Nacido en 1813 en el pequeño ducado de Parma –por entonces bajo dominio napoleónico– y muerto en Milán en 1901 –centro económico de la recién unificada Italia–, pocos artistas han sido tan glorificados en vida por sus compatriotas como lo fue él. Y eso casi desde el principio, pues en 1846, cuando sólo tenía 33 años, su fama y el éxito de sus óperas ya daban para que el escritor Benedetto Bermani buscase sacar algún beneficio publicando una biografía suya: Bosquejos sobre la vida y obras del maestro Giuseppe Verdi.
Icono de la reunificación.
Curiosamente, seis años antes, en 1840, la situación era diametralmente opuesta. La segunda ópera de Verdi, Un giorno di regno, estrenada en La Scala de Milán a comienzos de año, había sido un fracaso absoluto, aunque comprensible. Su corazón estaba roto por las recientes muertes de su mujer e hijos, arrebatados de su lado en edad temprana por una devastadora meningitis, por lo que Verdi tenía sus facultades diezmadas y su genio estaba ausente.
De este modo, cuando en un día del frío invierno de 1841, el empresario Giovanni Merelli le insistió para que aceptara musicar un libreto del poeta Temistocle Solera, Verdi, al llegar a su frío y vacío apartamento, tiró violentamente y sin ningún tipo de respeto el manuscrito sobre la mesa.
Afortunadamente, como él mismo contaría años después, «el libro se abrió en la caída y, sin saber cómo, di un vistazo a la página que yacía abierta tras de mí; tan sólo leí una línea, Va, pensiero, sull’ali dorate, pero desde ese preciso instante no pude alejar el Nabucco de mi cabeza». Verdi leyó tres veces la obra esa noche, «por lo que por la mañana conocía entero el libreto de Solera desde el fondo de mi corazón».
El texto de Solera ahondaba en las vicisitudes padecidas por el pueblo judío bajo el poder despótico del tirano Nabucodonosor. Cualquier buen compatriota italiano podía leer entre líneas: el pueblo judío no era otro que el italiano, y Nabucodonosor un símbolo de la tiranía del Imperio austríaco. Conmovido por el libreto, Verdi, un ferviente patriota y seguidor acérrimo de los ideales liberales que recorrían Europa, no dudó en dejar a un lado su tristeza y exprimir todo su potencial artístico para empezar a romper, ni que fuera espiritualmente, con el yugo opresor.

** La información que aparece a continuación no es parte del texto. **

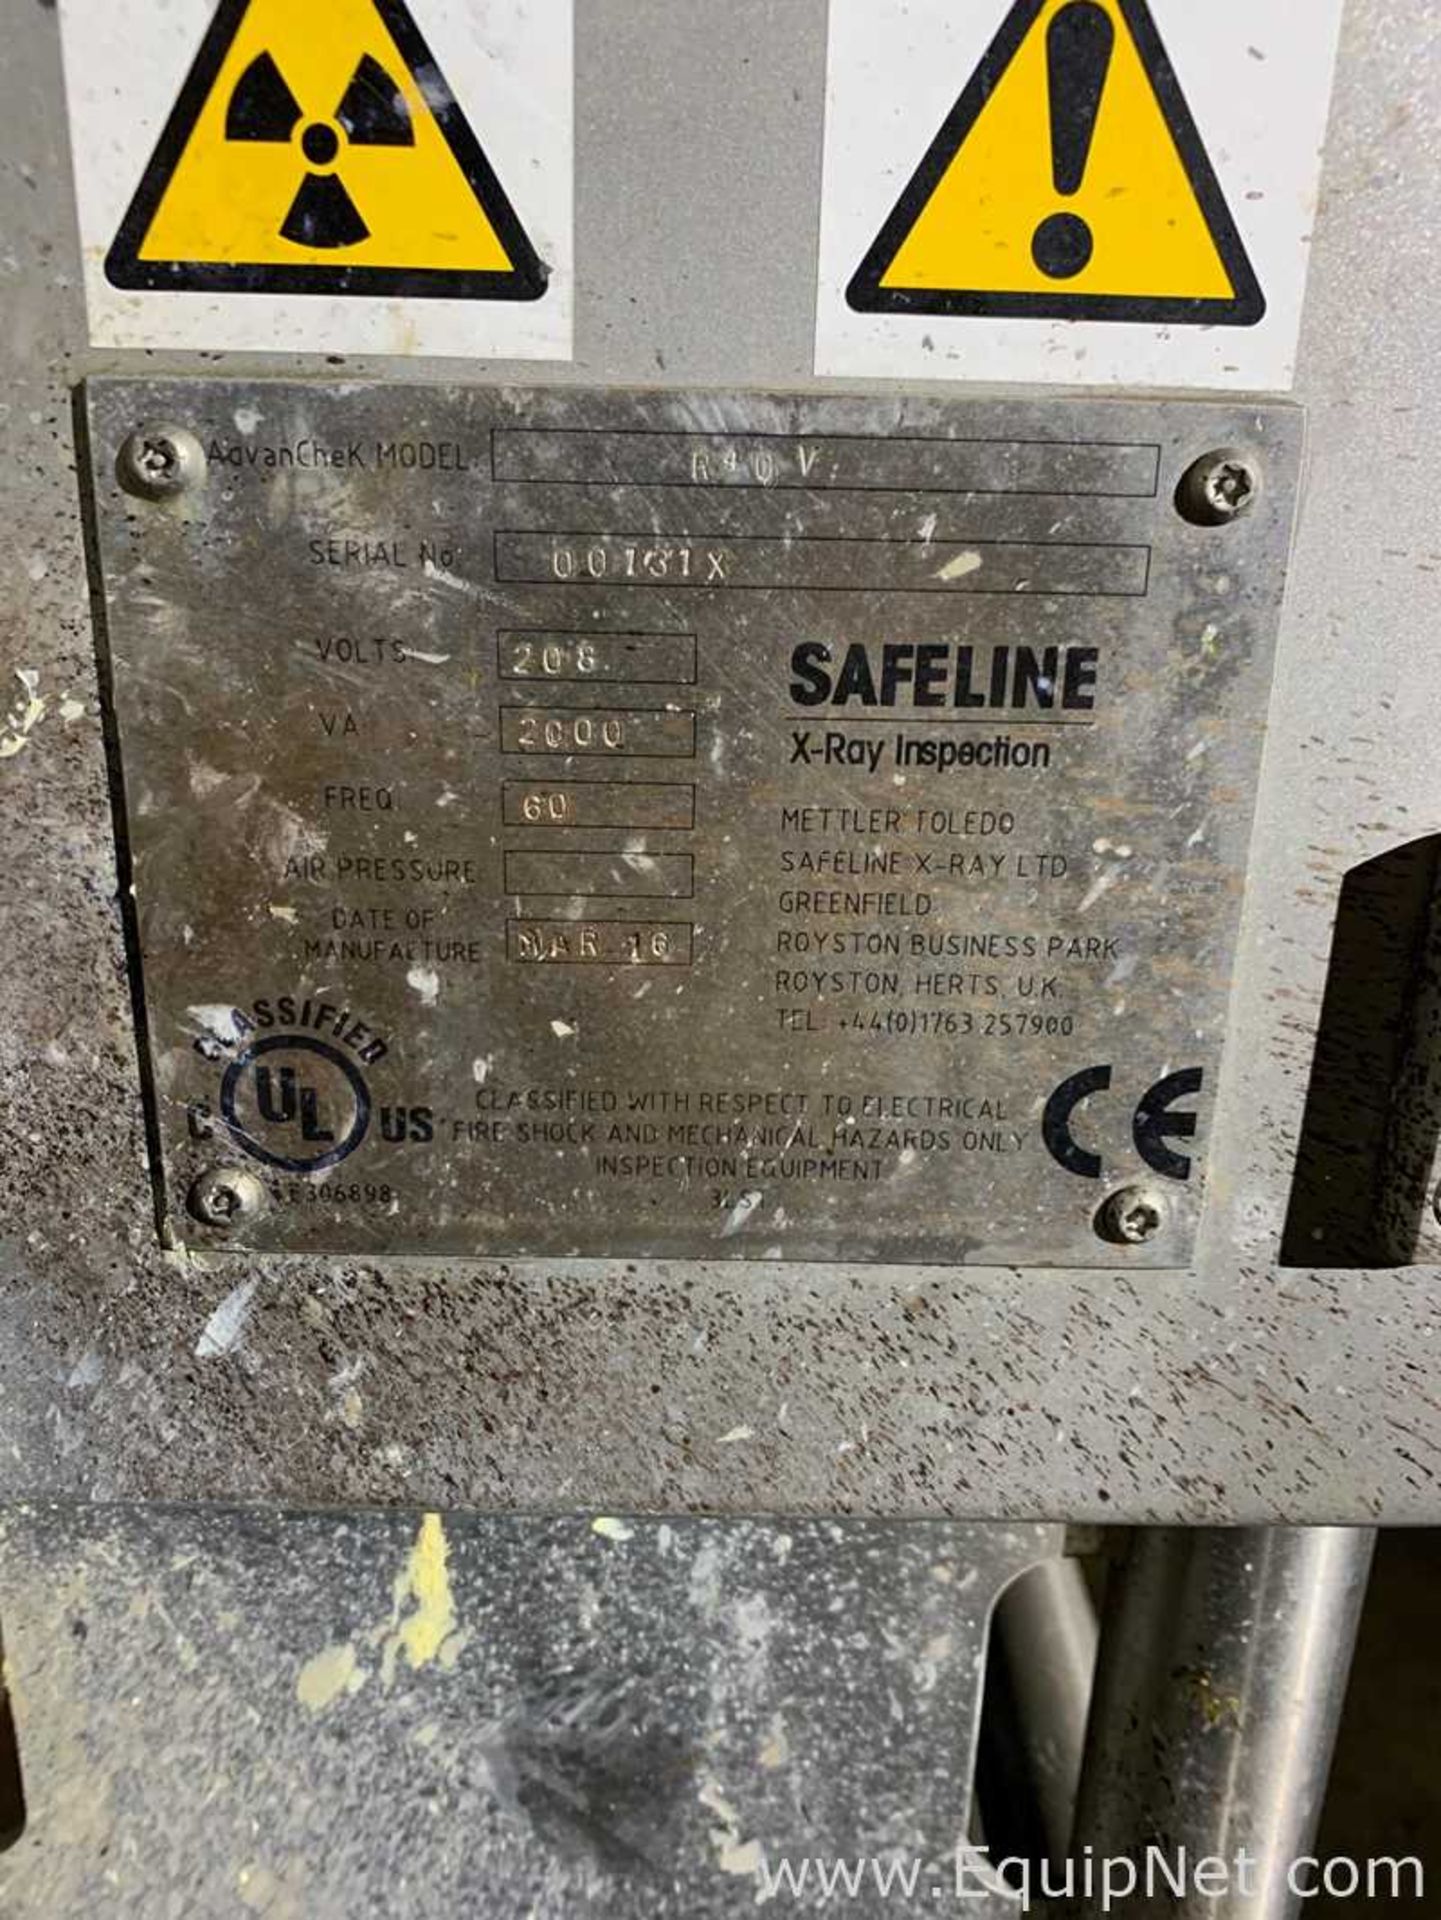 Safeline Mettler Toledo R40V X-Ray Inspection - Image 2 of 2

Un año después, el 9 de marzo de 1842, el Nabucco se estrenaba en el teatro La Scala de Milán. Fue un éxito rotundo, llegando a ser representada en su primer año hasta 64 veces.
Con el Nabucco, Giuseppe Verdi consiguió enfervorecer el orgullo patrio de los espectadores, especialmente en el tercer acto, con el «coro de los esclavos judíos», cuyos emocionantes versos musicados –Oh mia patria sì bella e perduta– quedaron grabados a fuego en el imaginario colectivo.
Y es que pocos coros han sido tan cantados y mitificados en vida de su autor como lo fue este Va, pensiero del Nabucco, que se difundió rápidamente por toda Italia y se convirtió en el himno no oficial de los revolucionarios tricolor.
Aunque el nacionalismo italiano estuvo liderado por Garibaldi, Mazzini o Cavour y fue alimentado por la literatura de Guerrazzi, Grossi o Manzoni, el patrimonio simbólico musical que aportó Verdi fue inestimable para el Risorgimento. Desde el Nabucco, Verdi tomó conciencia de la responsabilidad que esta posición entrañaba, pues los encargos florecieron, pero también la censura y la persecución. Afortunadamente, Verdi contó con la protección de la condesa Maffei y el círculo liberal que ella misma lideraba en Milán.
Al poco de estrenarse su siguiente ópera, I Lombardi alla prima crocciata (1843), Verdi tuvo el primer encontronazo con la censura austríaca. El cardenal y arzobispo de Milán Gaetano Gaisruk escribió una carta al jefe de policía en la que denunciaba el contenido de la ópera y amenazaba con escribir al emperador, Fernando I.
Al día siguiente, la policía imperial comunicaba a la compañía que I Lombardi no podía ser representado en La Scala ni en ningún otro teatro imperial, a menos que se modificaran algunos pasajes. Ante la rotunda negativa del compositor a cambiar ni una nota de lugar –«Se dará así o no se dará de ninguna otra manera», dijo Verdi–, el propio jefe de policía aceptó no tocar ninguna nota de la partitura, pues «no seré yo quien corte las alas a este joven genio».
Desde entonces, Verdi tuvo aún más claro qué libretos quería musicar para sus compatriotas. En Attila (1846), por ejemplo, se nos muestra la llegada a los territorios italianos del temido ejército de los hunos, mientras que en Macbeth (1847), con su Patria oppressa al inicio del último acto, Verdi pone música al sufrimiento de los hombres y mujeres oprimidos por el yugo de los tiranos.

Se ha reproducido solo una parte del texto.